Question

How would you write the formula of the conjugate base of the Bronsted-Lowry acids $H_{2}SO_{3}$ and HI ?

Answer 1

Hint: According to the Bronsted Lowry acid base theory, acid is a proton donor and base is a proton acceptor. When an acid loses a proton, a conjugate base is obtained. When a base accepts a proton, a conjugate acid is obtained.

Complete answer:
- The Bronsted-Lowry theory is based on an acid and base reaction.
- As we know that an acid is a species which has the capacity of donation a proton that is hydrogen ion is called Bronsted-Lowry acid.
- On the other hand, a base is a species which has the capacity of accepting protons and it needs to have a lone pair of electrons on the base which bonds to the hydrogen ion.
- According to this theory, the conjugate acid is a chemical species which is formed after the base accepts the hydrogen atom. A conjugate base is formed when an acid gives a proton.
- Since the conjugate base of an acid is determined by that compound which is left behind after the acid donates one of its acidic hydrogen atoms.
For $H_{2}SO_{3}$, the conjugate base is $HSO^{-}_{3}$
For HI, the conjugate base is $I^{-}$
The Bronsted-Lowry acid-base equation is shown below
B+HA\Leftrightarrow $HB^{+}+A^{-}$
Here, B = base proton receiver
     HA = acid proton donor
$HB^{+}$ = the conjugate acid
$HA^{-}$ = the conjugate base
For $H_{2}SO_{3}$,
${H_{2}}{SO_{3}}_{aq}+ {H_{2}}{O}_{l} \leftrightarrows {H_{3}O^{+}}_{aq}+{HSO^{-}_{3}}_{aq}$
Here, 2 protons are available to donate. $HSO^{-}_{3}$ is the compound that is left behind after the first hydrogen ion is donated.
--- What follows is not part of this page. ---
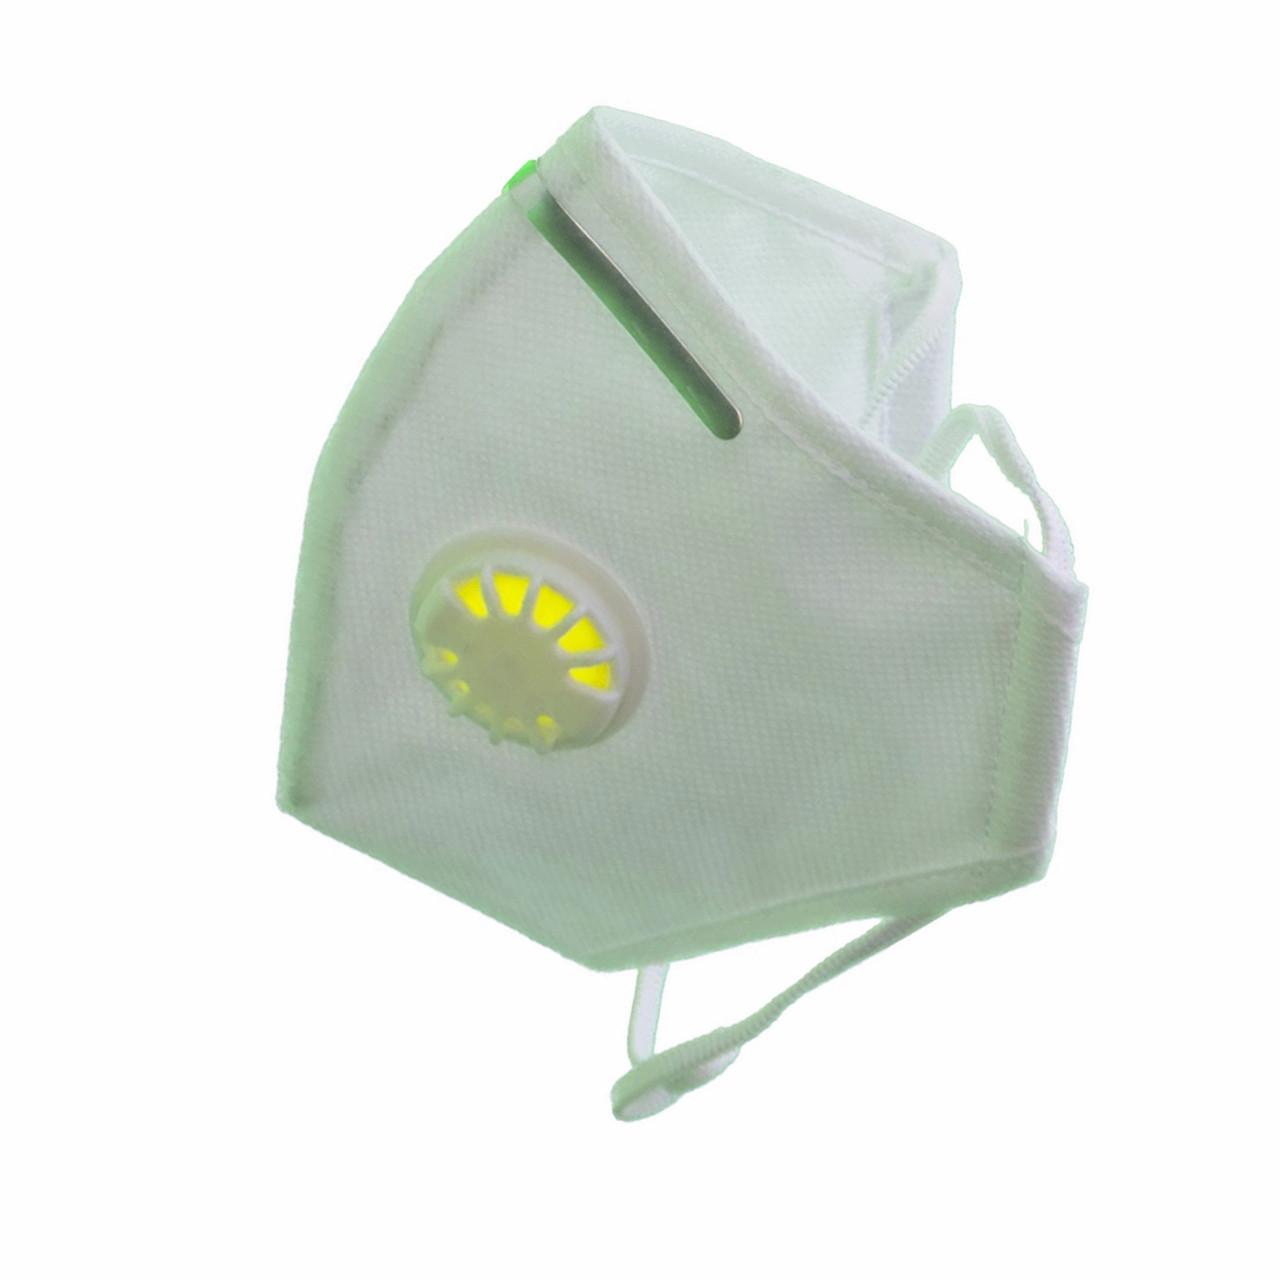 3 шт. Респиратор Славия ffp3 с клапаном и зажимом, белый, 3 шт

Thus, the conjugate base is $HSO^{-}_{3}$.
For HI ,
$HI_(aq)+H_{2}O_{l}\Leftrightarrow H_{3}O^{+}_(aq) +I^{-}_{aq}$
Similarly, the compound left behind is $I^{-}$.
Thus, the conjugate base is $I^{-}$.

Note: Bronsted-Lowry acid base theory is similar to Arrhenius concept of acid and base. The Arrhenius concept is limited to aqueous solution. However, Bronsted-Lowry theory can also be applied to nonaqueous solutions.